5.2 Project Structure

P07/
  probability_engine.py
  scenarios/
  outputs/

5.3 The Core Question You Are Answering

“Can I reason correctly about uncertainty when priors and evidence conflict?”

5.4 Concepts You Must Understand First

  1. Conditional probability
  2. Bayes theorem
  3. PMF/PDF/CDF
  4. LLN/CLT

5.5 Questions to Guide Your Design

  1. Which scenarios are best for exact computation?
  2. How many trials are enough for stable simulation estimates?
  3. How will you expose uncertainty around simulation outputs?

5.6 Thinking Exercise

Estimate a posterior manually before running the simulator; compare and explain difference.

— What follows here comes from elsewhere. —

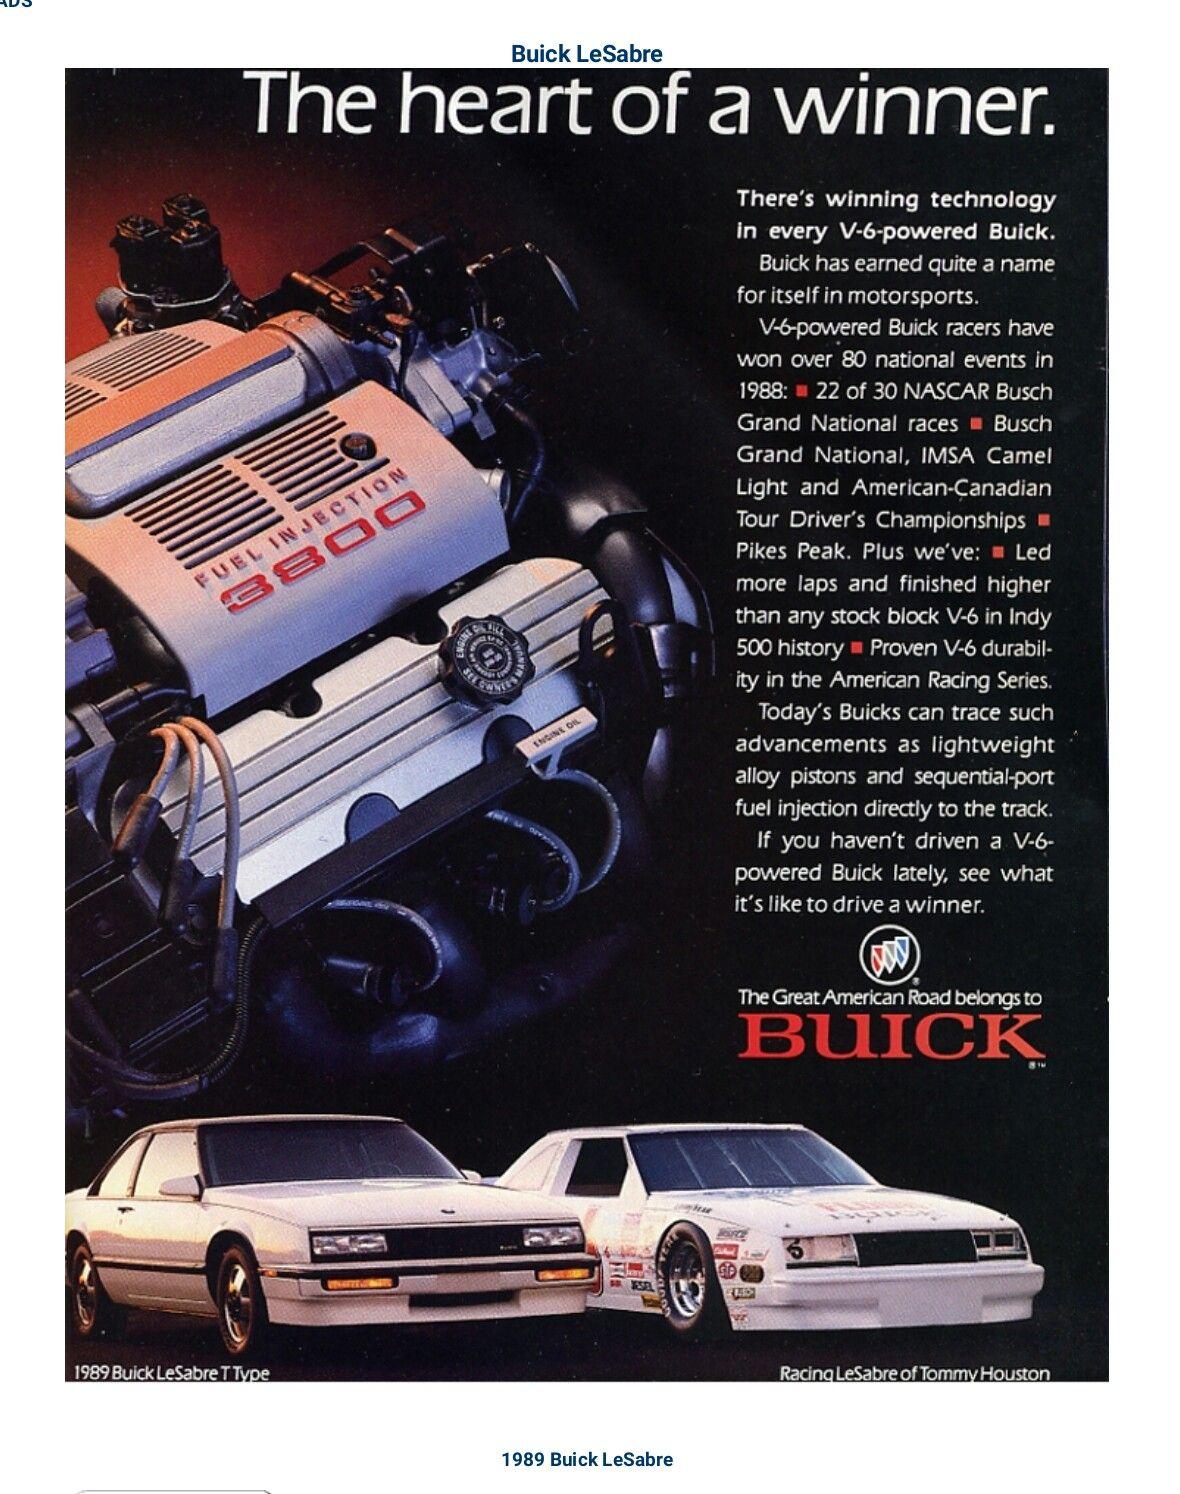 Bmw M3 Racing Retro 1989 Reproduction Garage Man Cave Sign
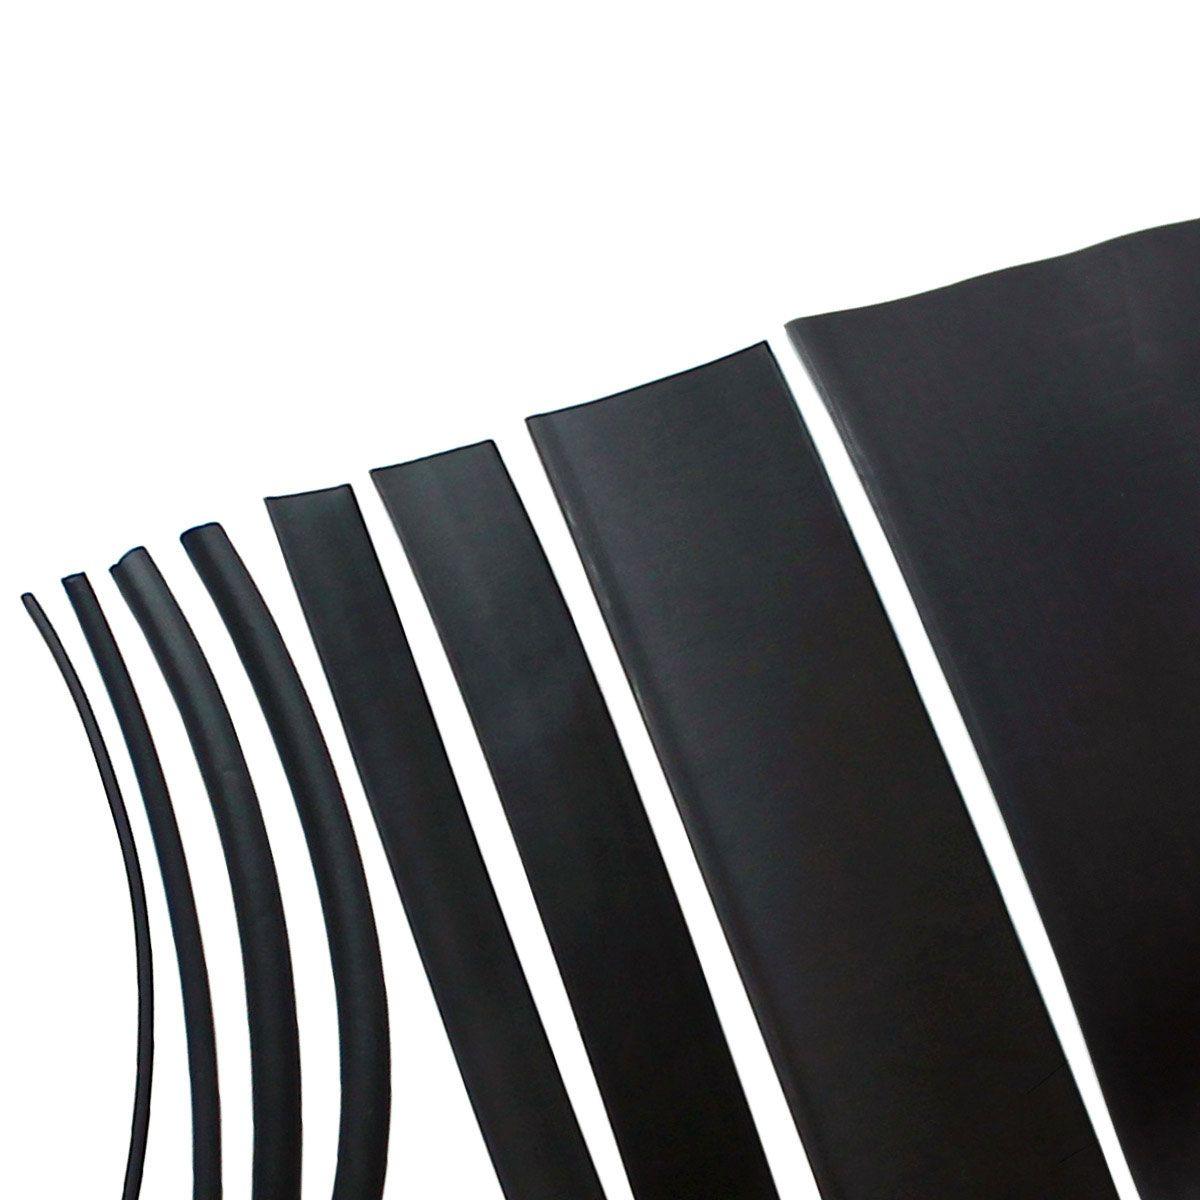 Espaguete Isolante / Tubo Termo Retrátil Espessura 8mm | Comprimento 1 Metro

5.7 The Interview Questions They’ll Ask

  1. Why can positive test results still imply low true probability?
  2. How does LLN differ from CLT?
  3. When does covariance miss dependence?
  4. Why use simulation at all?
  5. What is base-rate neglect?

5.8 Hints in Layers

  • Hint 1: Build one scenario end-to-end first.
  • Hint 2: Add simulation parity checks.
  • Hint 3: Expand to joint distributions.
  • Hint 4: Add report-level assumption logs.

5.9 Books That Will Help

Topic Book Chapter
Bayes intuition Think Bayes Ch. 1-3
Probability foundations Blitzstein & Hwang Ch. 1-5
Simulation literacy Think Stats simulation sections

6. Testing Strategy

  • Unit tests for known textbook examples.
  • Convergence checks as trial counts increase.
  • Distribution sanity checks (sum to 1, bounds).

7. Common Pitfalls & Debugging

Pitfall Symptom Solution
Misdefined events impossible probabilities explicit event diagrams
No seed control non-reproducible outputs fixed seeds
Too few simulations noisy conclusions adaptive replicate thresholds

8. Extensions & Challenges

  • Add rare-event variance-reduction strategies.
  • Add Bayesian updating dashboard.

9. Real-World Connections

  • Fraud detection triage.
  • Reliability and warranty modeling.

10. Resources

  • Blitzstein & Hwang, “Introduction to Probability”
  • Downey, “Think Bayes”

11. Self-Assessment Checklist

  • I can compute and explain posterior updates.
  • I can validate theory with simulation.
  • I can explain one independence failure case.

12. Submission / Completion Criteria

Minimum: three scenarios with exact/simulation agreement.

Full: includes dependency diagnostics and uncertainty commentary.